Beverly Hills Intermediate was selected for the designation for demonstrating a clear focus on academic growth and achievement, collaborating with community members and including them in the decision-making process, and providing students with quality teachers, leaders and resources that support students’ learning and growth.
Selection is based on a written application that required schools to demonstrate how they met evaluation criteria. The criterion was divided into four domains established by the National Forum including: academic excellence, developmental responsiveness, social equity and organizational support and processes.
Students, staff and administrators filled the entire gym and celebrated the big announcement with a pep rally. A thunderous applause erupted as Thad Spears, president of the Texas Middle School Association, explained to an enthusiastic crowd that Beverly Hills would be joining only 29 high performing middle schools in the state and several others across the nation selected for the prestigious designation.
“In visiting with administrators from the school and central office, it’s good to see practices in place that have been in place for a long time here,” Spears said. “In the late ‘90s and early 2000s, this was a mentor campus and the procedures that were in place back then continue to be a tradition now.

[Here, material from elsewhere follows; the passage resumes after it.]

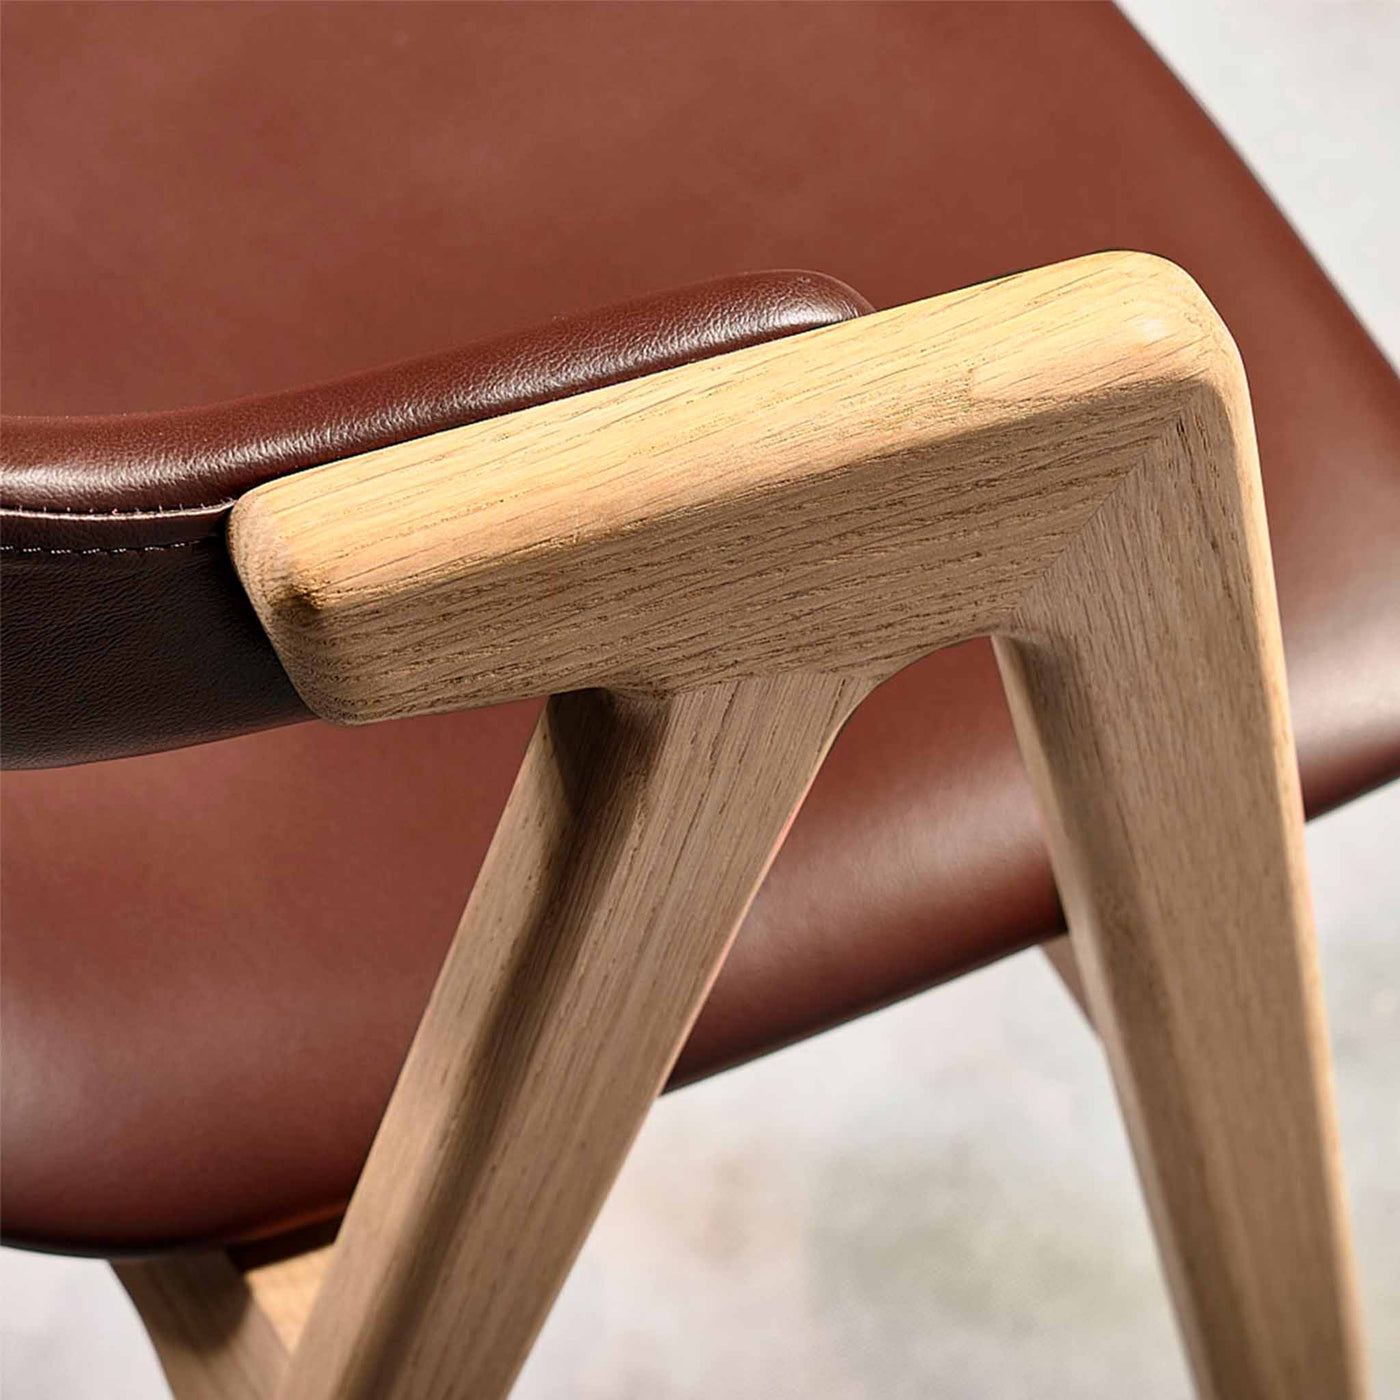 PBJ Designhouse Titan spisebordsstol i hvidpigmenteret lakeret eg med brunt læder.

Something that stood out for me about Beverly Hills is students are encouraged to say the U.S. and Texas pledges. There are not a lot of schools that do that, but these traditions have a lasting impact on adolescents and mold them into model citizens.”
In meeting the criteria, Beverly Hills Intermediate was visited by state teams who observed classrooms, interviewed administrators, teachers, students and parents and collected extensive information including suspension rates, quality of lessons, test scores, achievement data, and student work as part of the evaluation process.
Schools are recognized for a three-year period and must repeat the application process in order to be considered for the Schools to Watch state re-designation. The schools vary in size from several hundred to several thousand students and represent urban, suburban, and rural communities.
Launched in 1999, Schools to Watch began as a national program to identify middle-grades schools across the country that were meeting or exceeding 37 criteria developed by the Forum.
In 2002, the Forum began working with states to replicate the Schools to Watch program as a way to introduce the Forum's criteria for high-performance and identify middle grade schools that meet or exceed that criteria.
Fast forward nine years later: Texas became the 16th state to participate with the Schools to Watch program when the Texas Middle School Association became the sponsoring organization.
The overall goals of the Texas Schools to Watch® program are to:
- Create a research-based definition of the characteristics shared by high-performing middle schools.
- Identify high-performing, high needs middle schools throughout Texas.
- Share the real-world strategies in place at these sites with educators from middle schools throughout the state via web-based school tours, school site visits, and phone or e-mail consultations.
- Provide a nationally provenSchool Self-Study and Rating Rubric via the Internet that all middle schools can use to evaluate and improve their school's instructional program.
- Establish a statewide network of high-performing middle schools, with every high-performing school actively involved in assisting struggling middle schools that share either a geographic region or student population characteristics.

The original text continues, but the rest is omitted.